● **Material provided**
▬▬▬▬▬▬▬▬▬▬
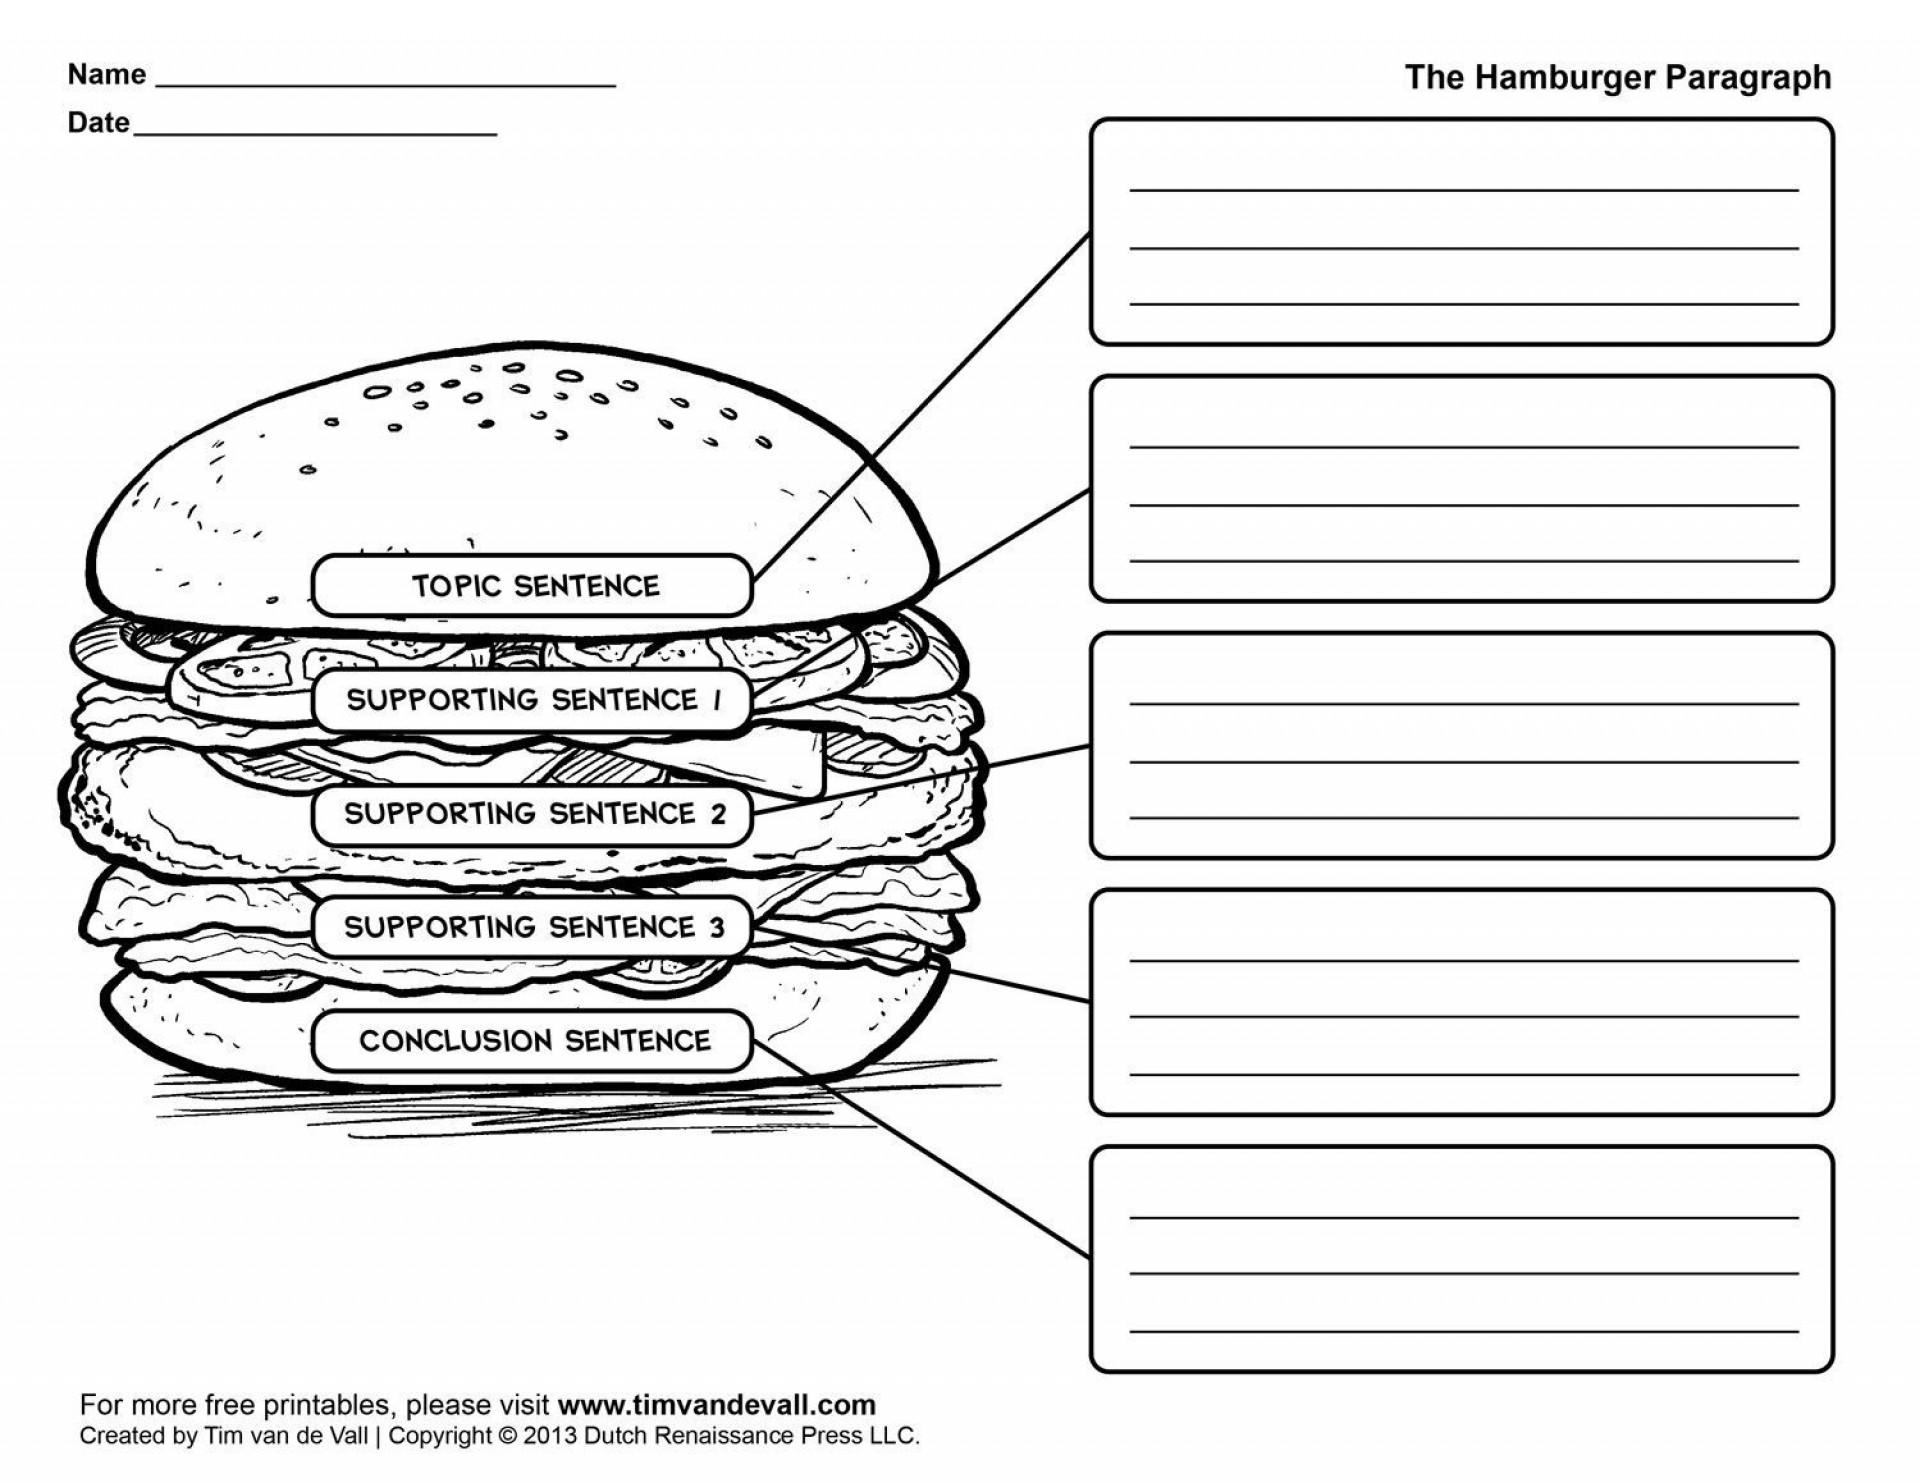 009 Essay Example Five Paragraph Graphic Wonderful Organizer 5 Middle School Pdf Organizer-hamburger 1920
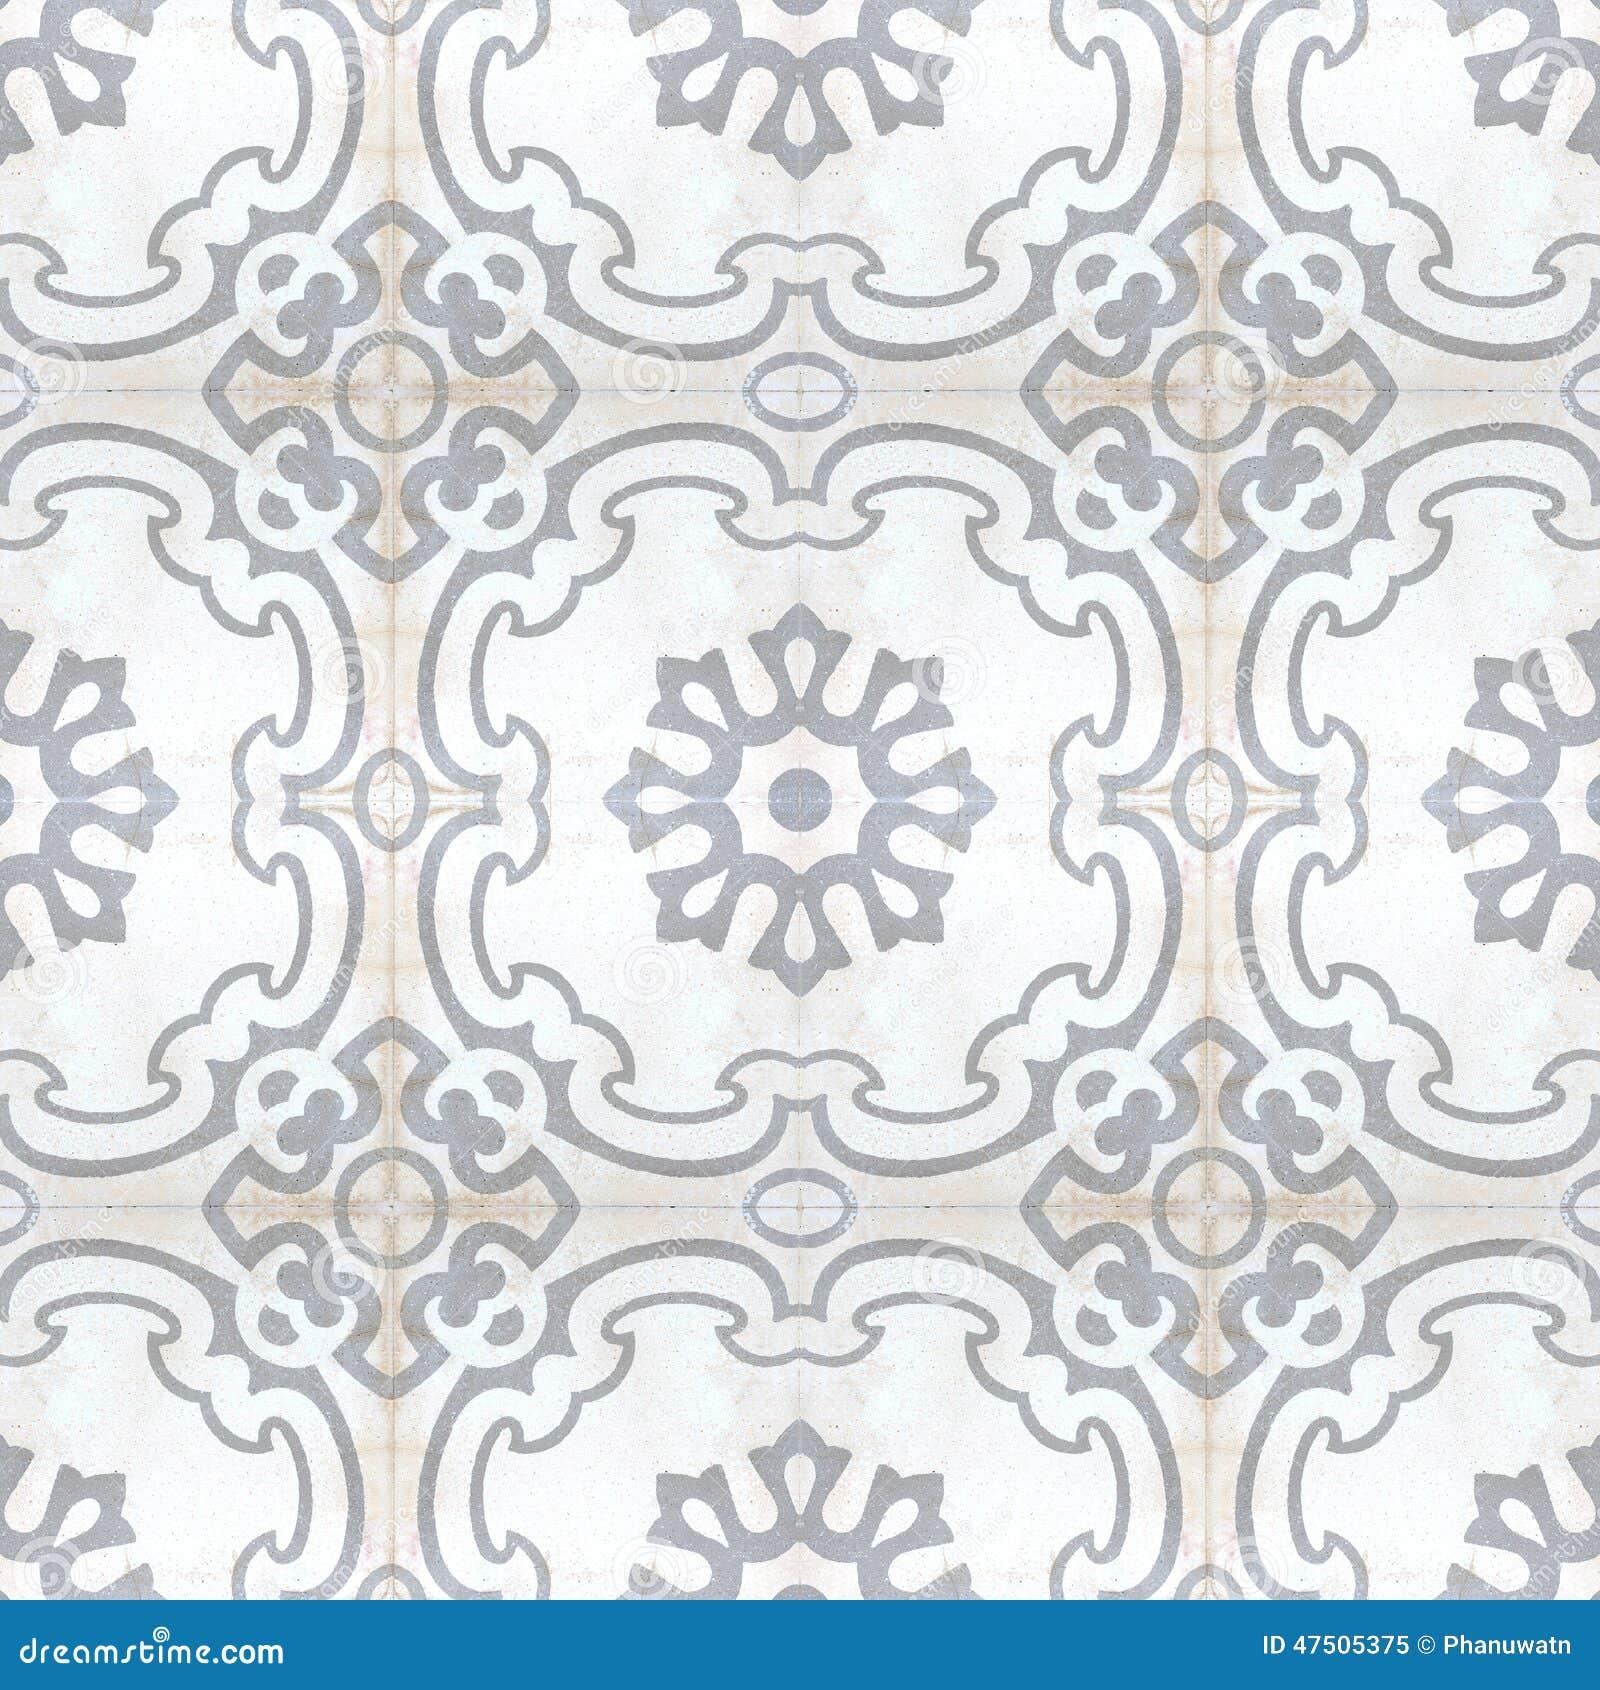 Vintage Style Floor Tile Pattern Texture Stock Image
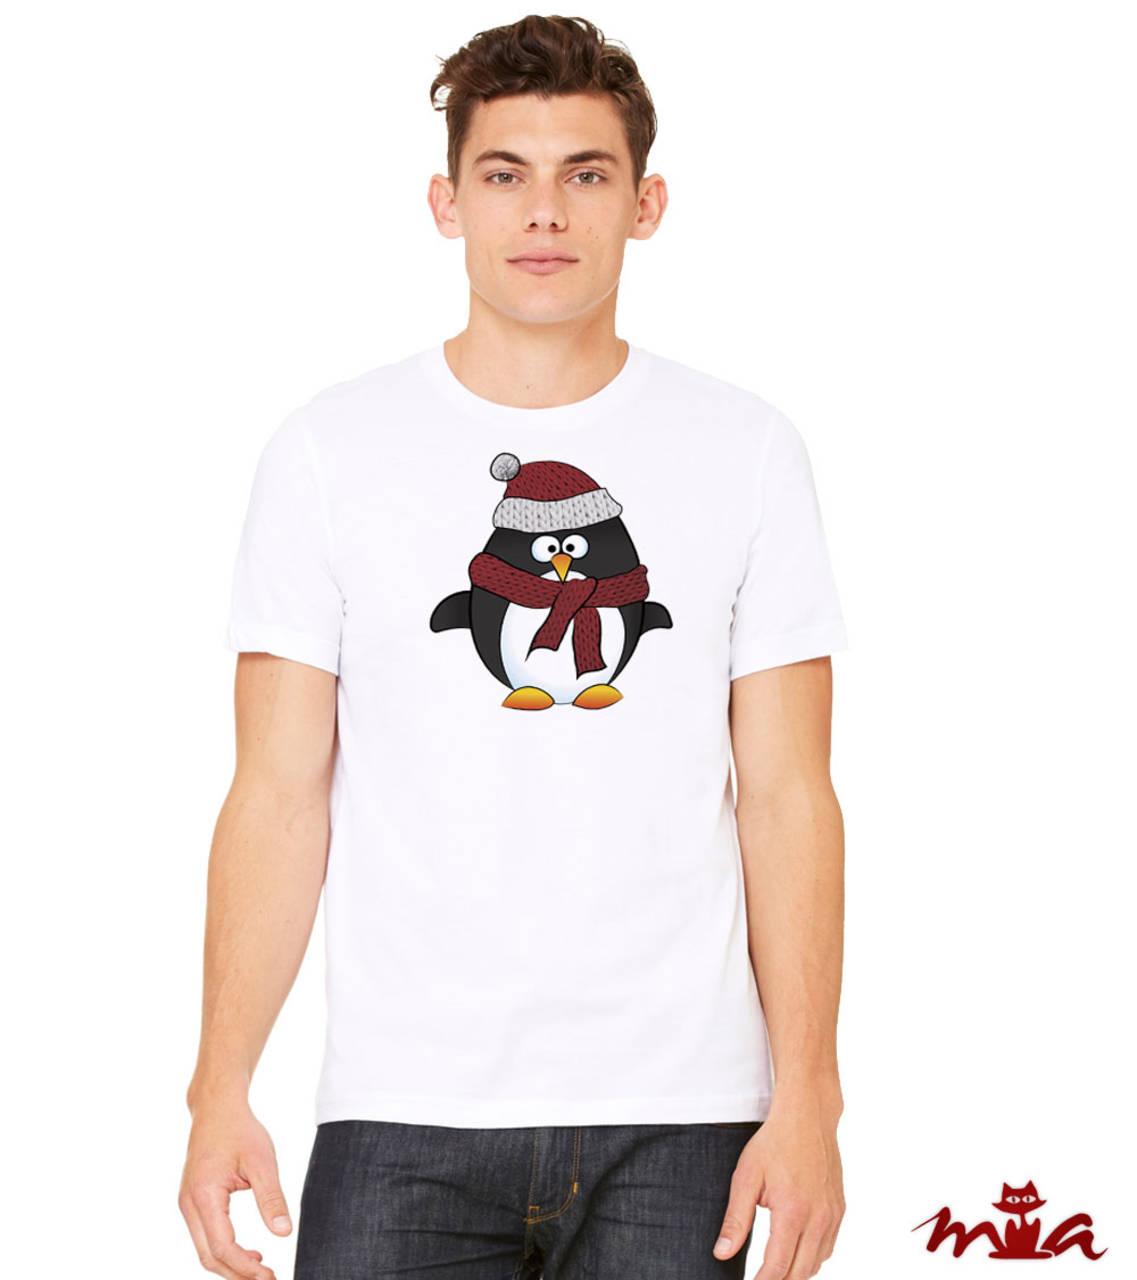 dbe5b918582 Pánske tričko - Penguin (rodinné oblečenie) (krátkorukávové ...
▬▬▬▬▬▬▬▬▬▬
● **Your objective**
No pictures belong in the copy. Repeat the listing above exactly.

● **Response box**
 009 Essay Example Five Paragraph Graphic Wonderful Organizer 5 Middle School Pdf Organizer-hamburger 1920
 Vintage Style Floor Tile Pattern Texture Stock Image
 dbe5b918582 Pánske tričko - Penguin (rodinné oblečenie) (krátkorukávové ...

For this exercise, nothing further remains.